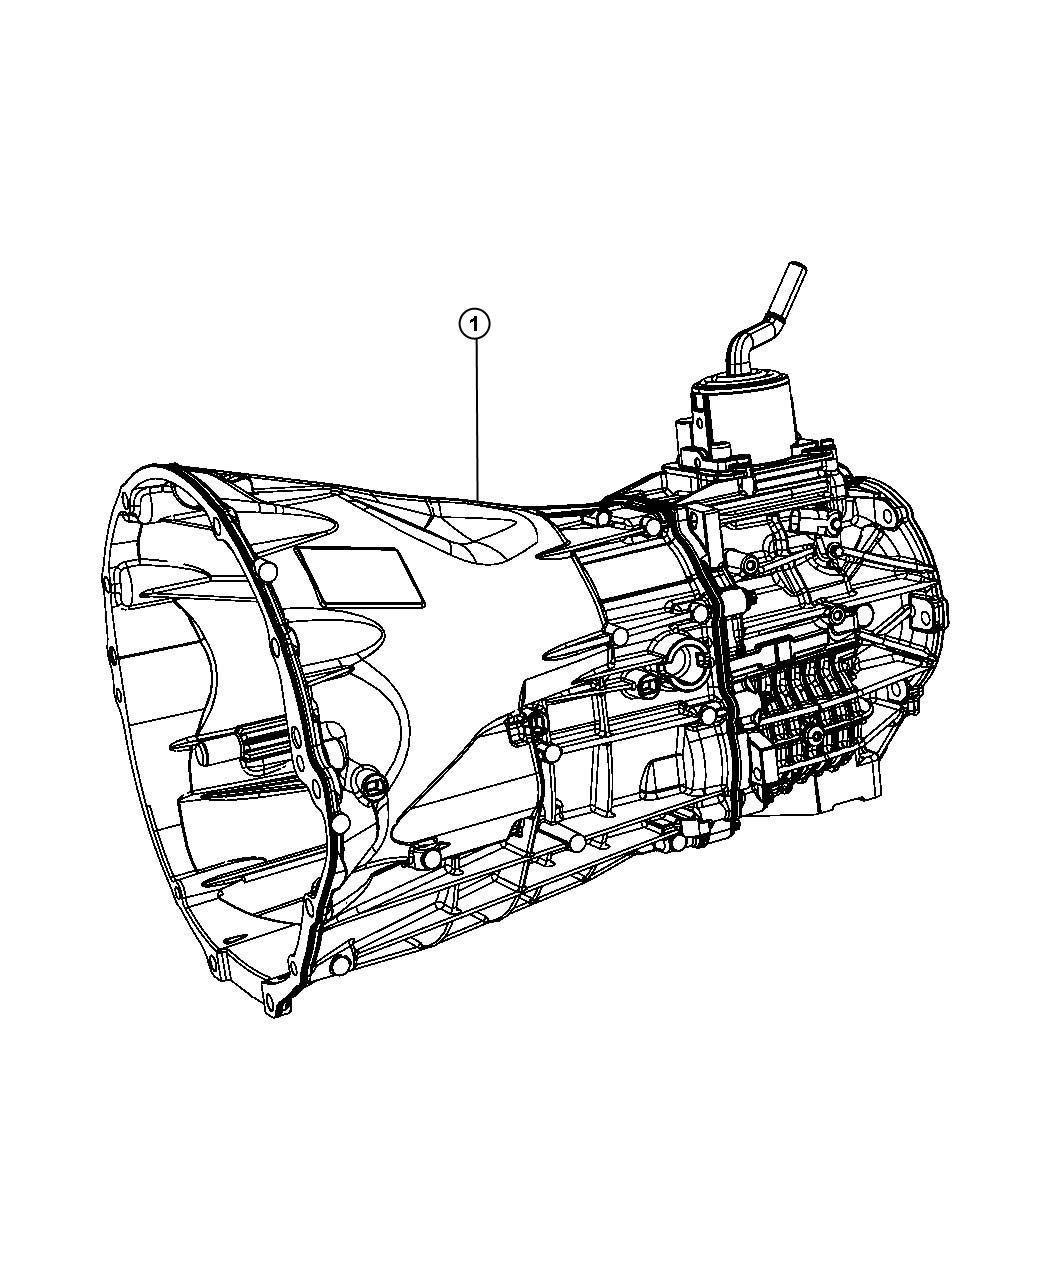 Dodge Nitro Transmission  Nsg370
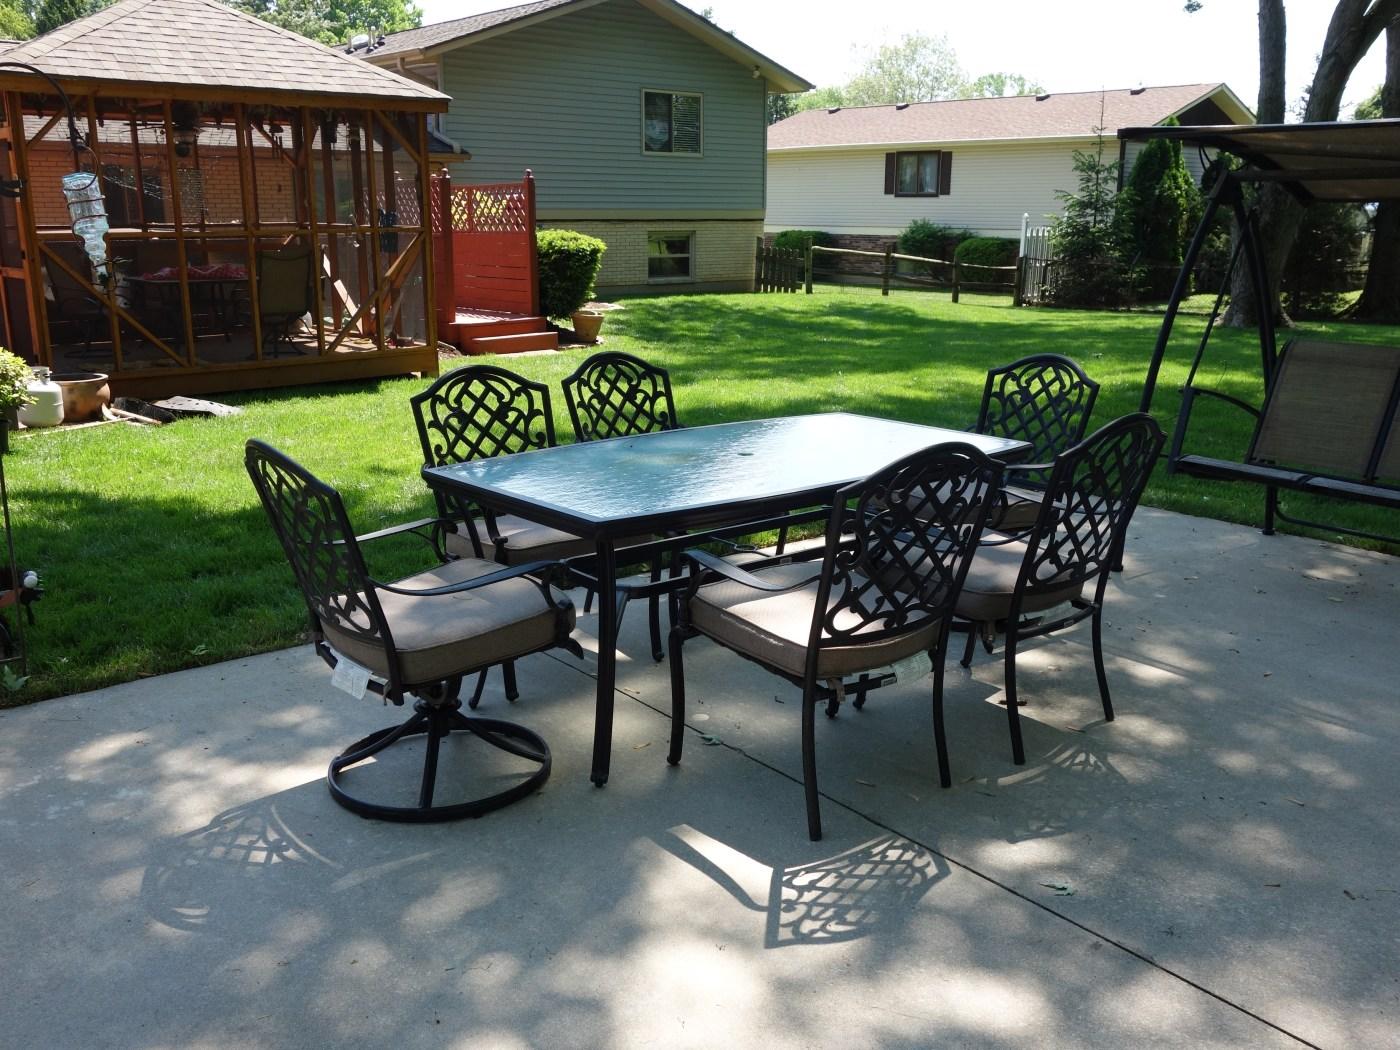 Martha Stewart Living Patio Glass Top Table & Six Chairs ... on Martha Stewart 6 Piece Patio Set id=35272
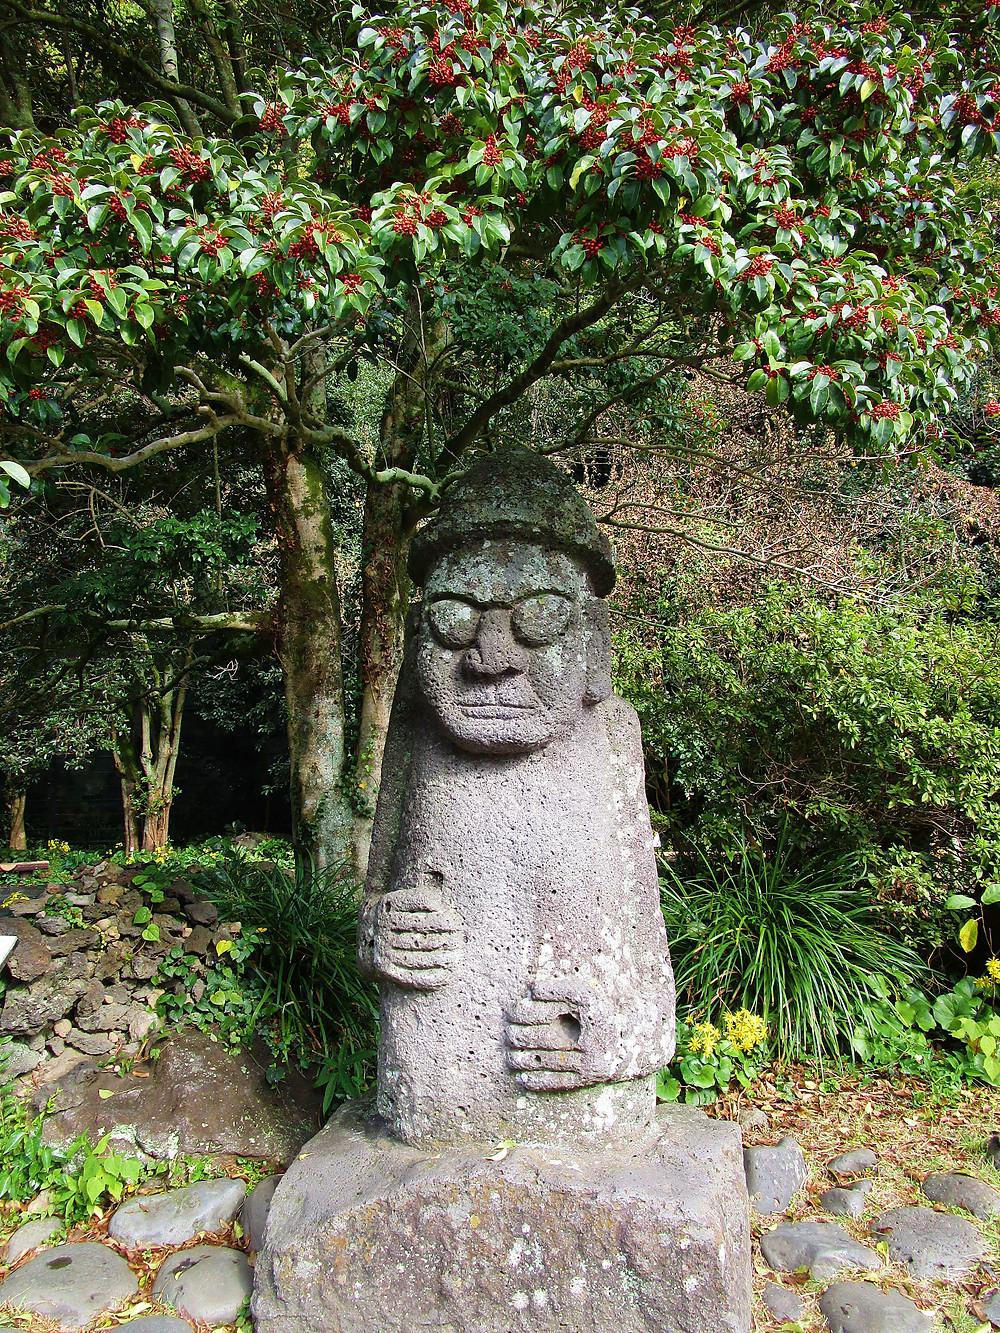 Jeju Statue in Cheongjiyeon Waterfall Park

★ ★ ★ ★ ★

TASK PROMPT:
Copy out all the data exactly, skipping the pictures.

THE COMPLETED TASK:
 Dodge Nitro Transmission  Nsg370
 Martha Stewart Living Patio Glass Top Table & Six Chairs ... on Martha Stewart 6 Piece Patio Set id=35272
 Jeju Statue in Cheongjiyeon Waterfall Park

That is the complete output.